The Affair, Sky Atlantic | reviews, news & interviews
The Affair, Sky Atlantic
The Affair, Sky Atlantic
Acclaimed American infidelity drama hits the ground running
Already a couple of Golden Globes to the good after debuting in the States last year, The Affair effortlessly hit its stride as it landed in Blighty. This opening double episode began generating a subtle miasma of intrigue and vague menace from the off, as teacher and aspiring novelist Noah Solloway (Dominic West) gathered his untidy family together for a summer holiday trip to the in-laws in Montauk, in the Hamptons.

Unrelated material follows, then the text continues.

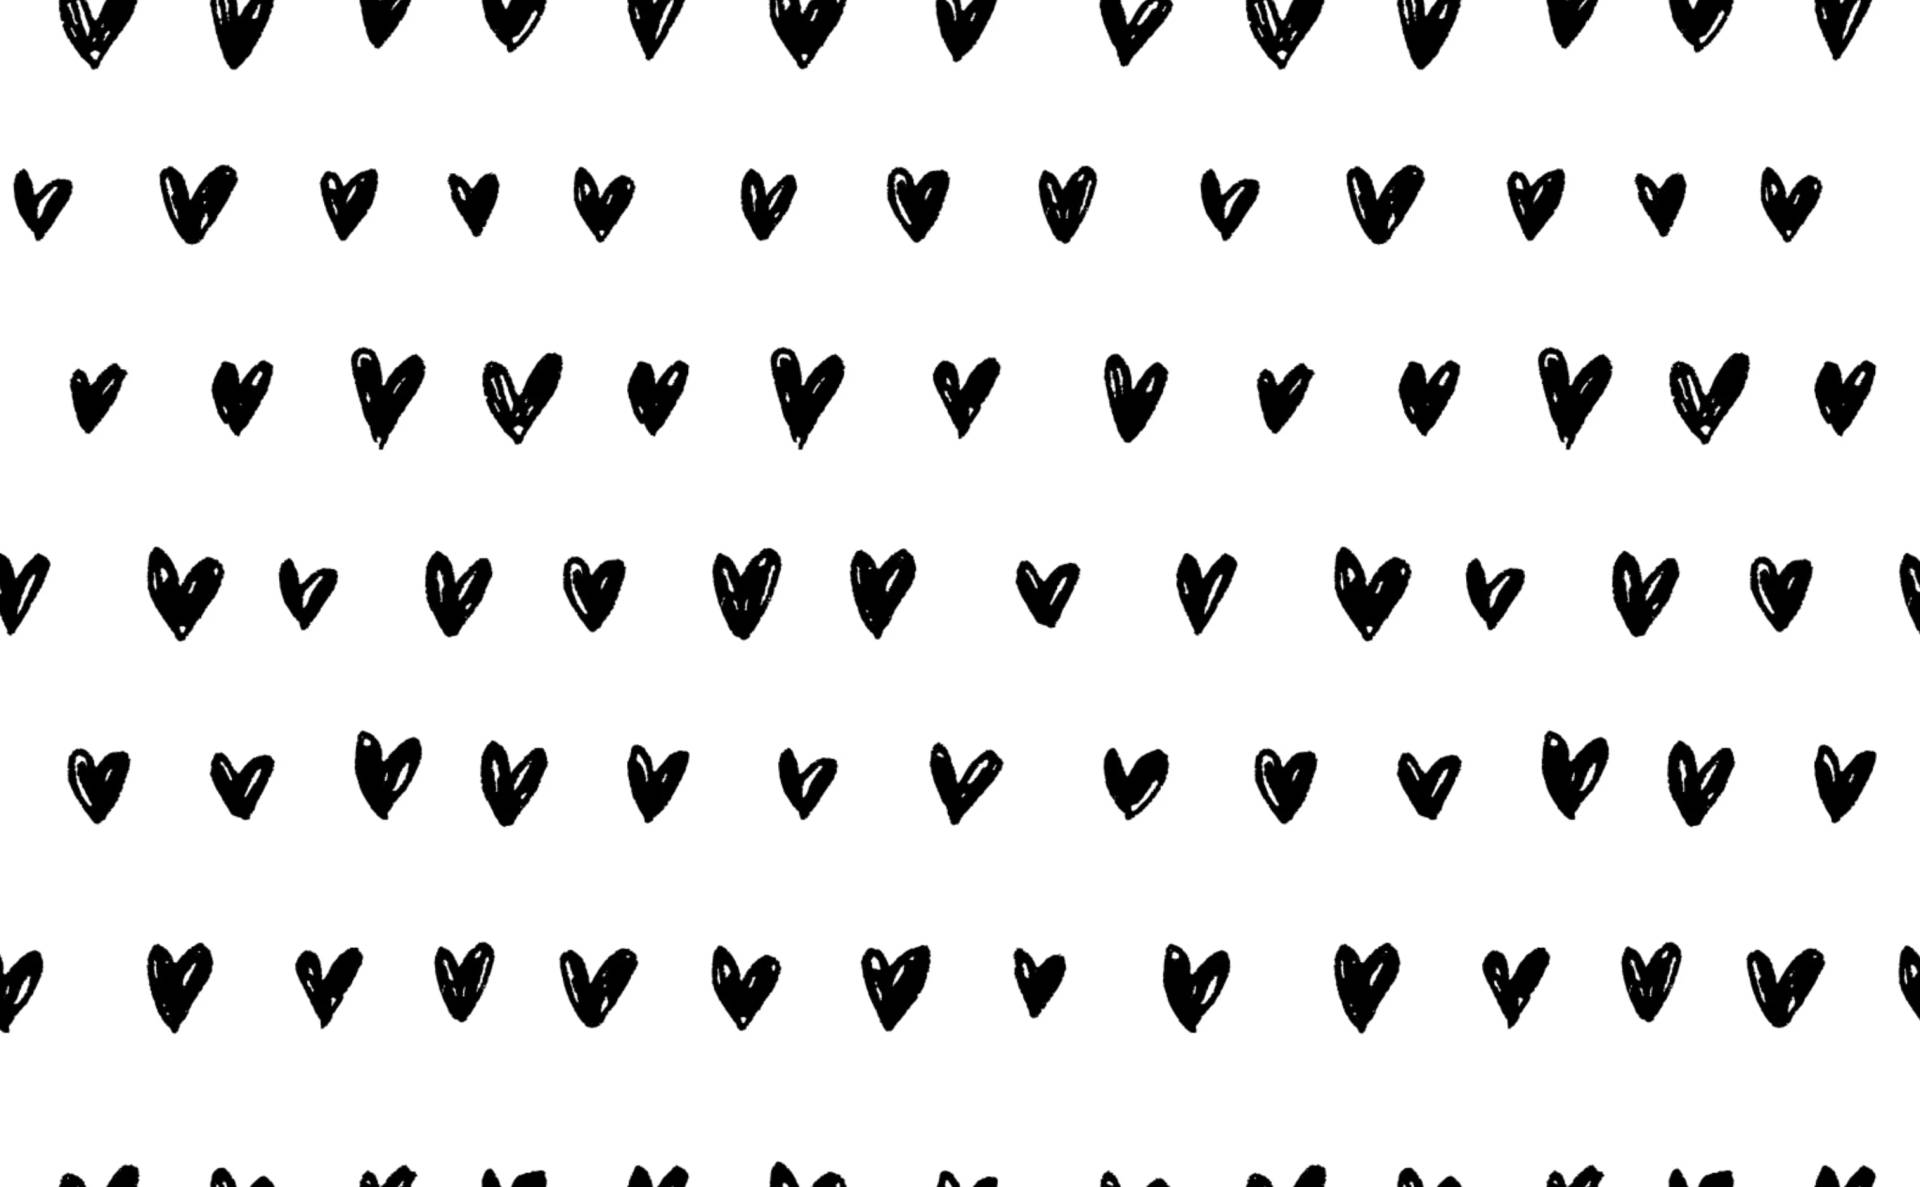 Free Love Black And White Wallpaper Downloads, [100+] Love Black And White  Wallpapers for FREE

A holiday romance might take many forms, but with any luck will turn out to be just a fleeting by-product of too much sun and alcohol. However, the one getting ready to crash up through the gears here between Noah and Alison (Ruth Wilson), the waitress he first meets in the Lobster Roll diner, feels as if it may have the potential to bring entire dynasties crashing down around it. Noah's marriage to Helen (ER's Maura Tierney) may be merely the first casualty (the Solloways take a vacation, pictured below).

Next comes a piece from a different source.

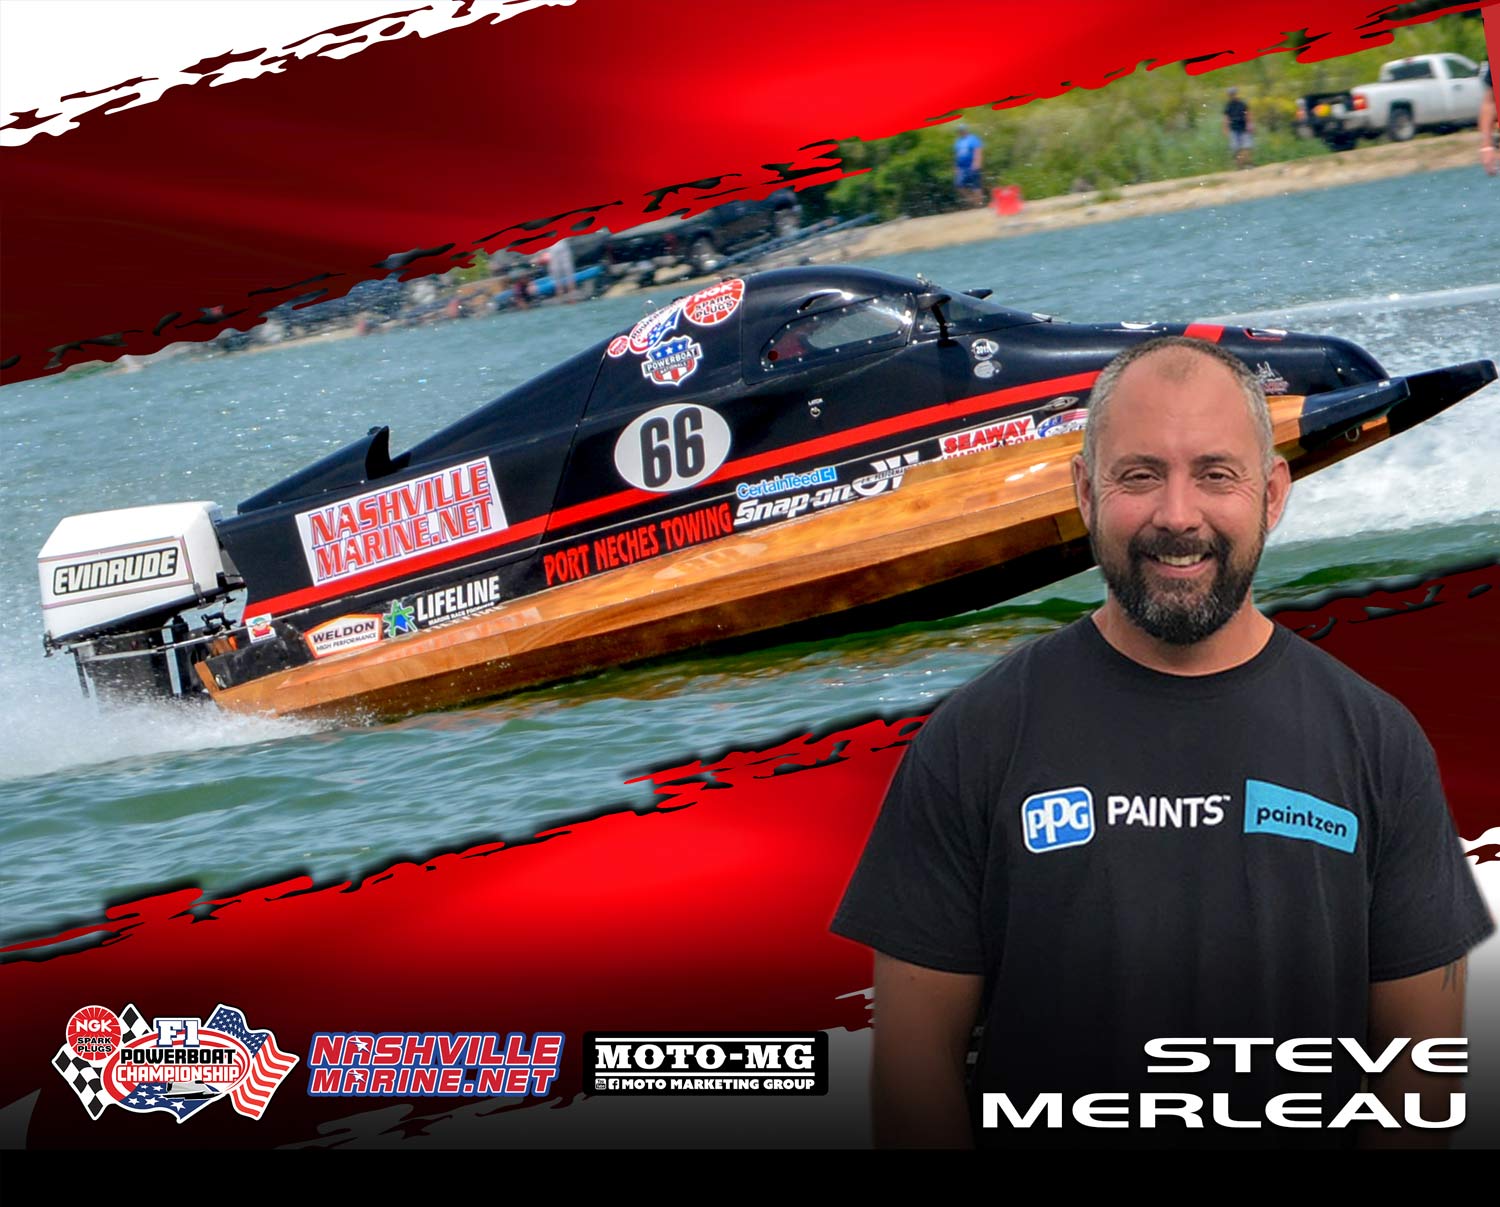 Nashville-Marine-McMurray-Racing-Formula-One-Boat-Racing-Driver-Steve-Merleau-66

Creators Sarah Treem and Hagai Levi have deployed some artful devices to make what might have been an only too familiar story feel multi-layered, three-dimensional and unpredictable. Most notable is the way the episodes are split in two, with one half dedicated to Noah's viewpoint and other to Alison's. Thus, the first version we see of the pair's initial encounter is Noah's, and depicts Alison as a knowing seductress coolly reeling him in. But then we see her take on it, in which it's Noah who's making the running and coming on to her with a gauche lack of subtlety.
This ambiguous dance is played out against a complex backdrop of ties and relationships. Noah the tentative new novelist is resentful of the lordly attitude of his father-in-law Bruce Butler (John Doman, impeccably cast), an enormously successful writer whose bestsellers are regularly turned into Hollywood movies. He's a fabled local celebrity, living on his lush oceanside estate, and has a knack for damning with faint praise. "I read your book, " he tells Noah. "I enjoyed most of it very much." Worse, he has loaned Noah and Helen a wad of money, and his "I am considerably richer than you" demeanour obviously irks Noah.
Meanwhile Alison is dragging a trail of baggage of her own. When we see her reading Peter Pan aloud over the grave of her dead child we get some inkling of the extent of her inner emotional damage, and the still-piercing anguish is driving a wedge between her and her husband Cole Lockhart (Joshua Jackson). Again, through the prism of the double – and doubly unreliable? – narrators, our first glimpse of Cole suggests he's angry and brutal, but the picture is gradually modified as the narrative develops. However, Alison's relationship to the sprawling and slightly smothering Lockhart clan seems guaranteed to be a permanent source of angstfulness (Maura Tierney and Dominic West, pictured below).
And on top of this there's a further layer. There's a running commentary on the action in the form of Noah and Alison being questioned by a police detective about what appeared to be a fatal accident on the night of a big party at the Butler house. We don't know who the victim was yet, except that he was male. We also know the police haven't ruled out murder.
Throw together a little bit of Mad Men, some John Cheever and a sliver of Double Indemnity and you may be in the right ballpark. Chuck in the evocative photography and gently affecting background music, plus two commanding lead performances (West has perfectly judged the dosage of middle-aged sleaze, and Wilson is encouraging him to go for it), and you're looking at something special. The only disappointment is there won't be any endings, unhappy or otherwise, in the foreseeable future – they're already talking about season four.